Books, Movies, and Shows, Reviews

Review: The Mermaid’s Sister

Title: The Mermaid’s Sister
Author: Carrie Anne Noble


2014 Winner — Amazon Breakthrough Novel Award — Young Adult Fiction

There is no cure for being who you truly are…

In a cottage high atop Llanfair Mountain, sixteen-year-old Clara lives with her sister, Maren, and guardian Auntie. By day, they gather herbs for Auntie’s healing potions. By night, Auntie spins tales of faraway lands and wicked fairies. Clara’s favorite story tells of three orphan infants—Clara, who was brought to Auntie by a stork; Maren, who arrived in a seashell; and their best friend, O’Neill, who was found beneath an apple tree.

One day, Clara discovers shimmering scales just beneath her sister’s skin. She realizes that Maren is becoming a mermaid—and knows that no mermaid can survive on land. Desperate to save her, Clara and O’Neill place the mermaid-girl in their gypsy wagon and set out for the sea. But no road is straight, and the trio encounters trouble around every bend. Ensnared by an evil troupe of traveling performers, Clara and O’Neill must find a way to save themselves and the ever-weakening mermaid.

And always, in the back of her mind, Clara wonders, if my sister is a mermaid, then what am I?


This one had been sitting on my Kindle for a while.

The Mermaid’s Sister is the story of a young girl with a remarkable sister. The title essentially says it all – though the story is about Clara, her story – in her own mind – revolves around her sister, the mermaid Maren. Throughout the book she constantly reminds herself of how unremarkable she is when placed next to Maren. The origin story they were told growing up is special for both of them, though – Maren was found in a sea shell and Clara was brought by a stork to their half-fae guardian. That causes Clara to constantly fear undergoing a transformation like her sister’s. While Maren turns into a beautiful, otherworldly mermaid, Clara worries she’ll soon become a stork herself.

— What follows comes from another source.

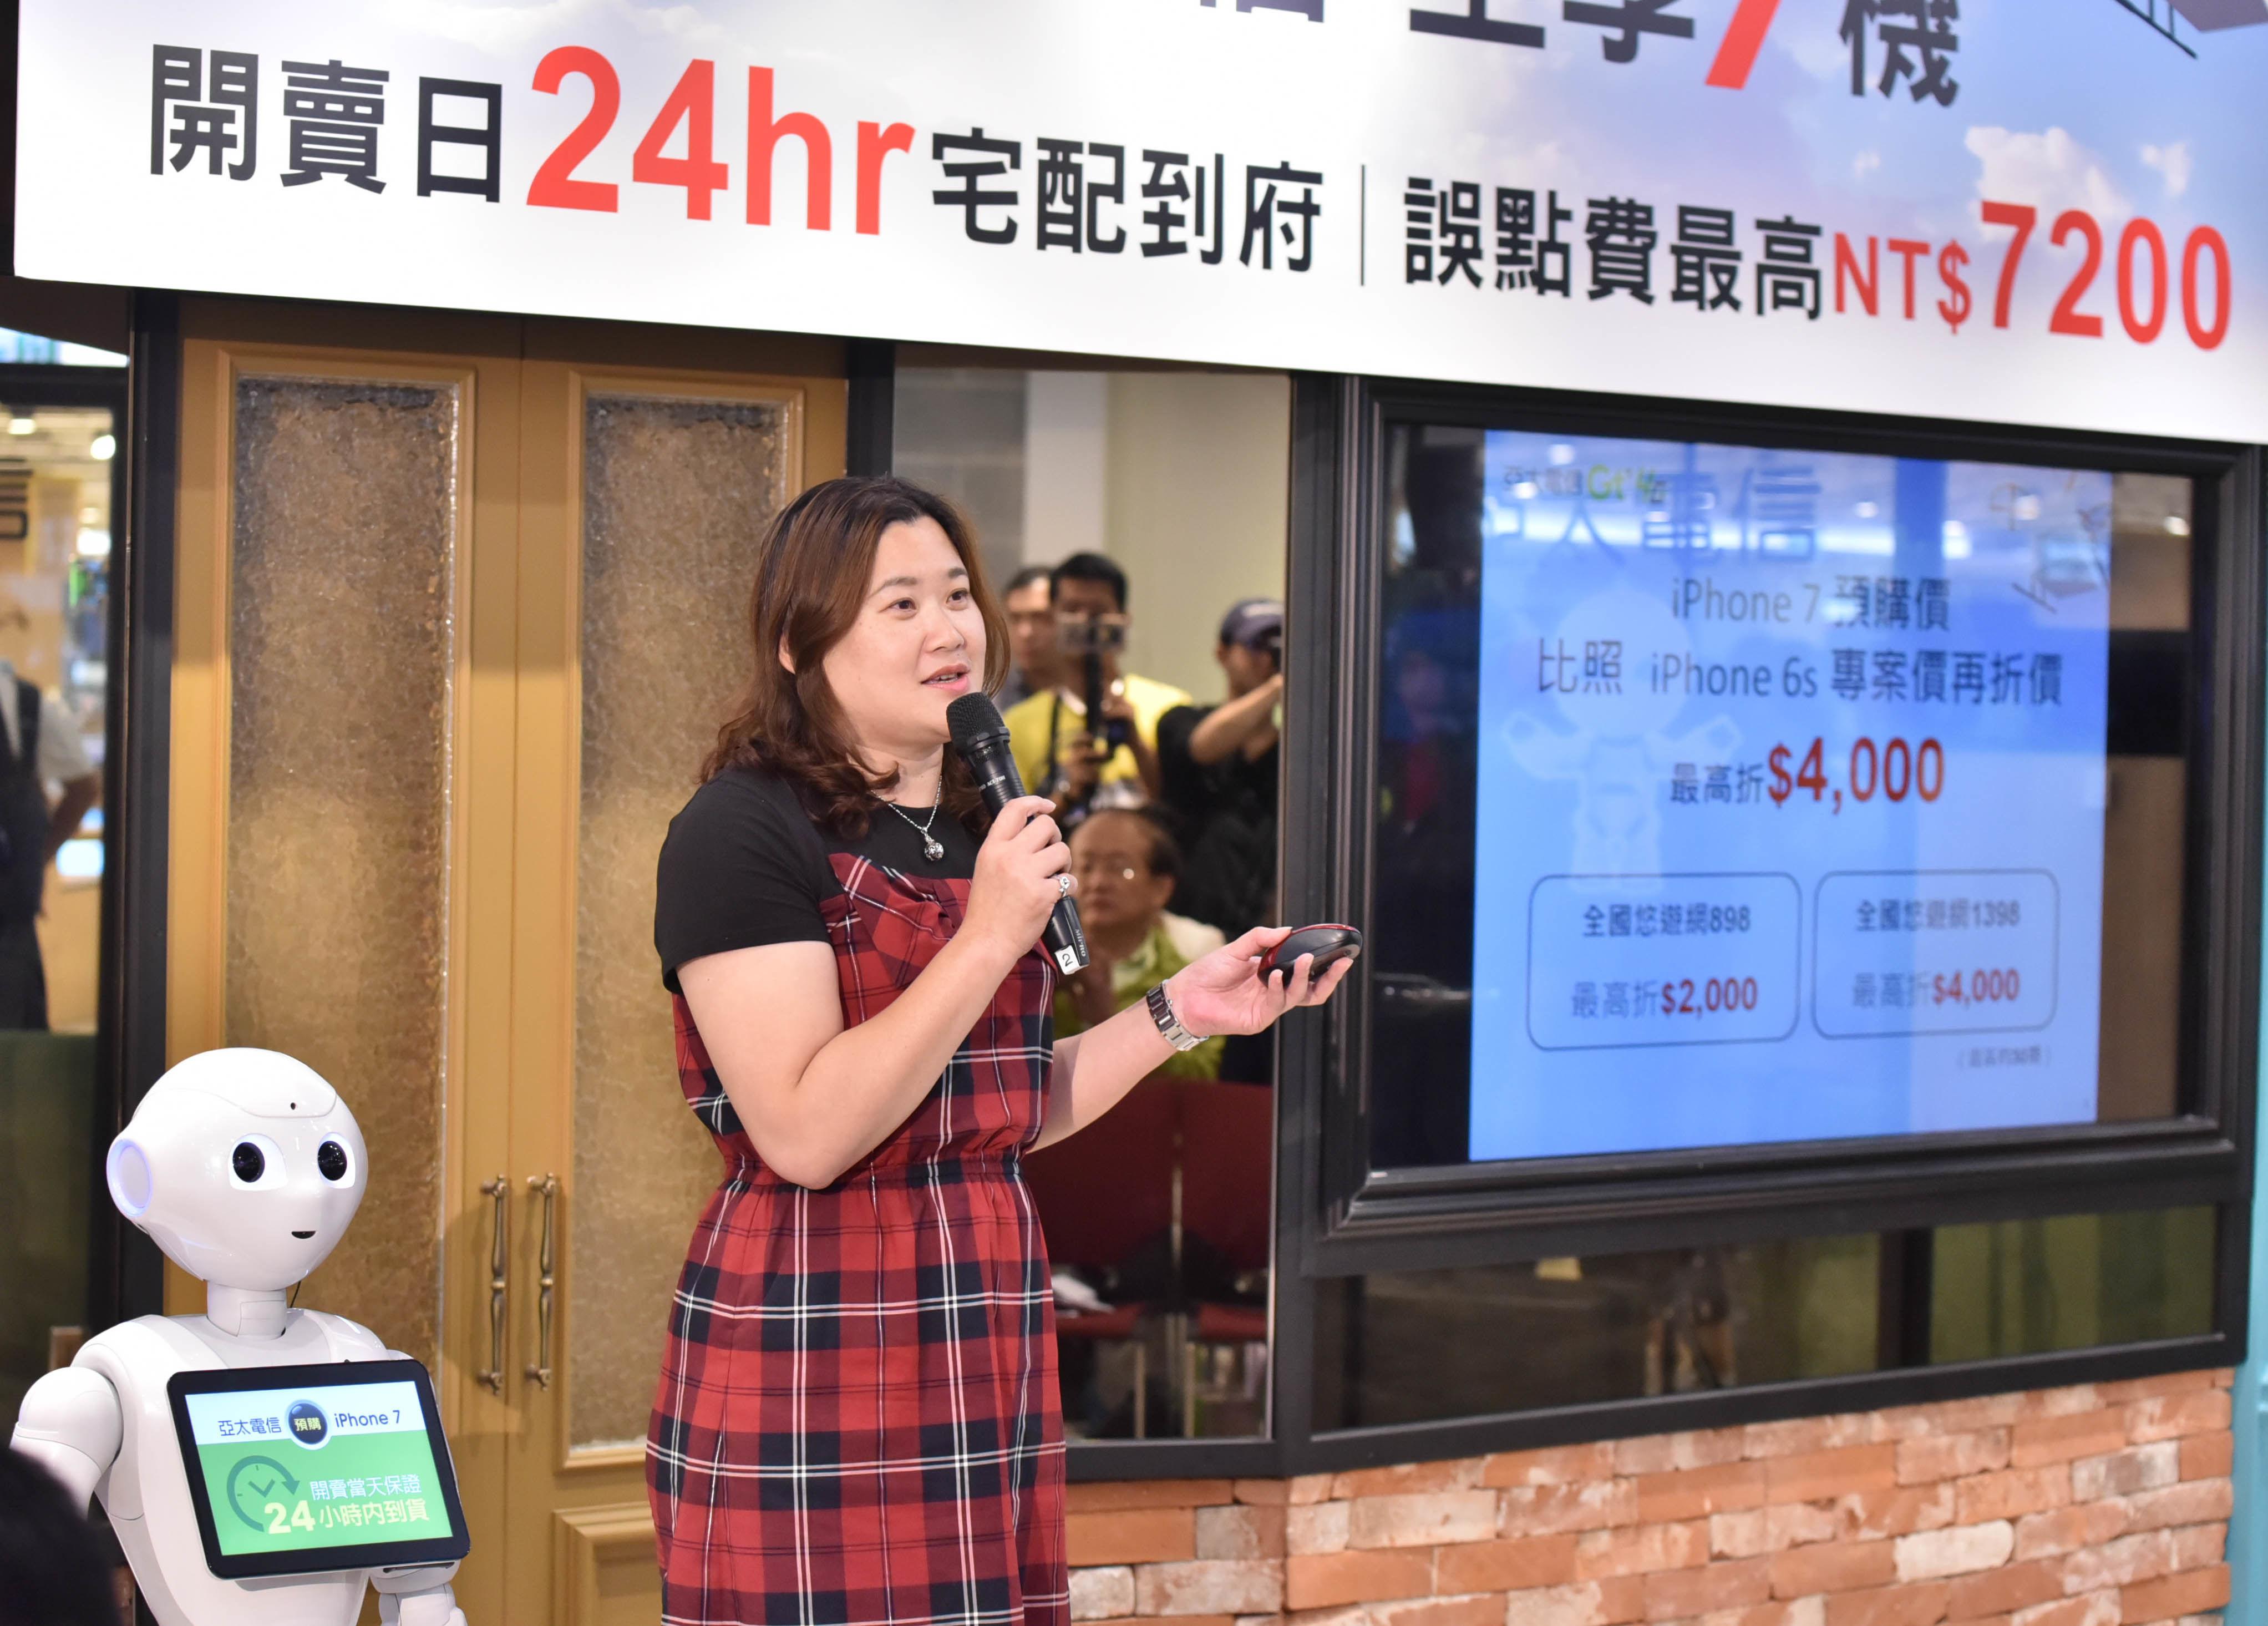 亞太電信行銷副總鄧美慧推預購iPhone 7 開賣當天宅配到家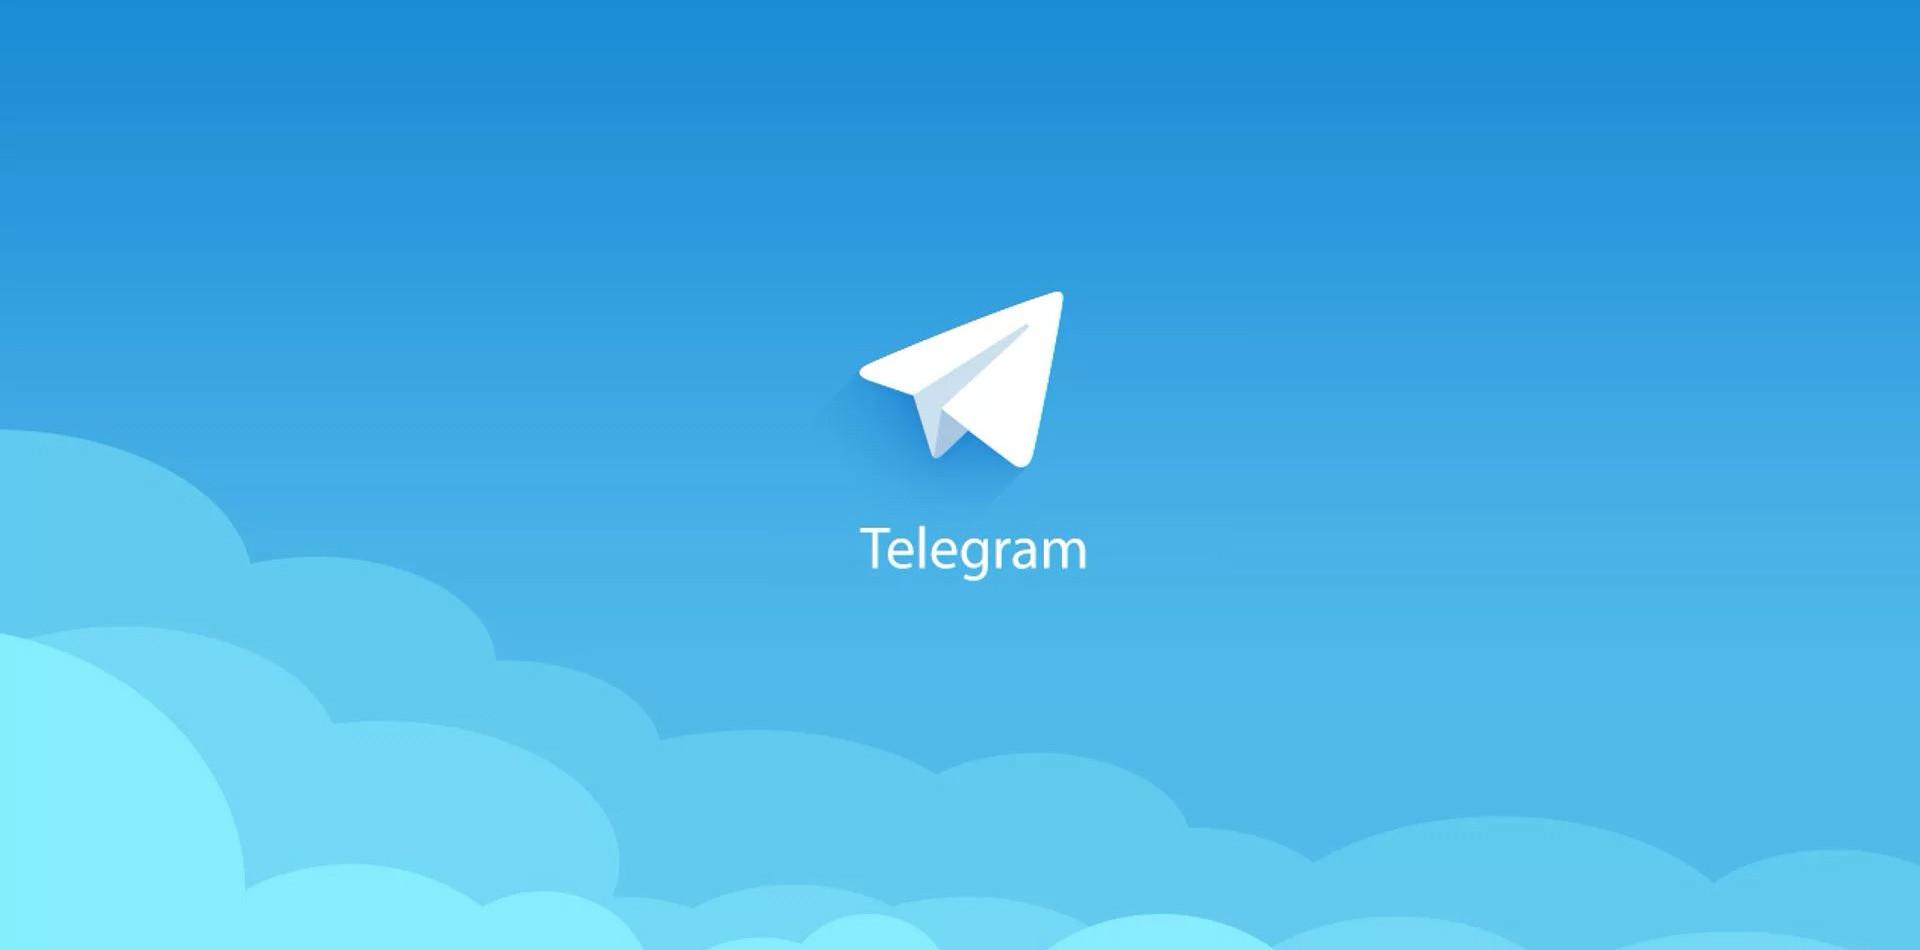 logo telegram wallpaper

The story itself is about Clara’s transformation, but not into a stork. It’s her transformation into an adult confident in her own skin. It’s a lovely story of how much she loves her family, and the lengths she’s willing to go to in order to save her sister and give her the life she needs – regardless of Clara’s feelings about it. She’s a beautifully written character who is introspective and self-aware – a quality we don’t often see in YA protagonists. The characters around her also feel real, and though we see them through her eyes only, it’s clear that entire stories can be written about them and what they’ve experienced.

This story was one of the quickest reads so far this year. I fell into the story easily, comfortably, and it reminded me of the fairy tales I like best. The world was just flushed out enough that it didn’t get bogged down in world-building, and allowed the focus to remain on the characters rather than the rules of the world. And yet, it hints at a complex world that could easily have more stories in it.

I really enjoyed this one, and only wish there was more of it.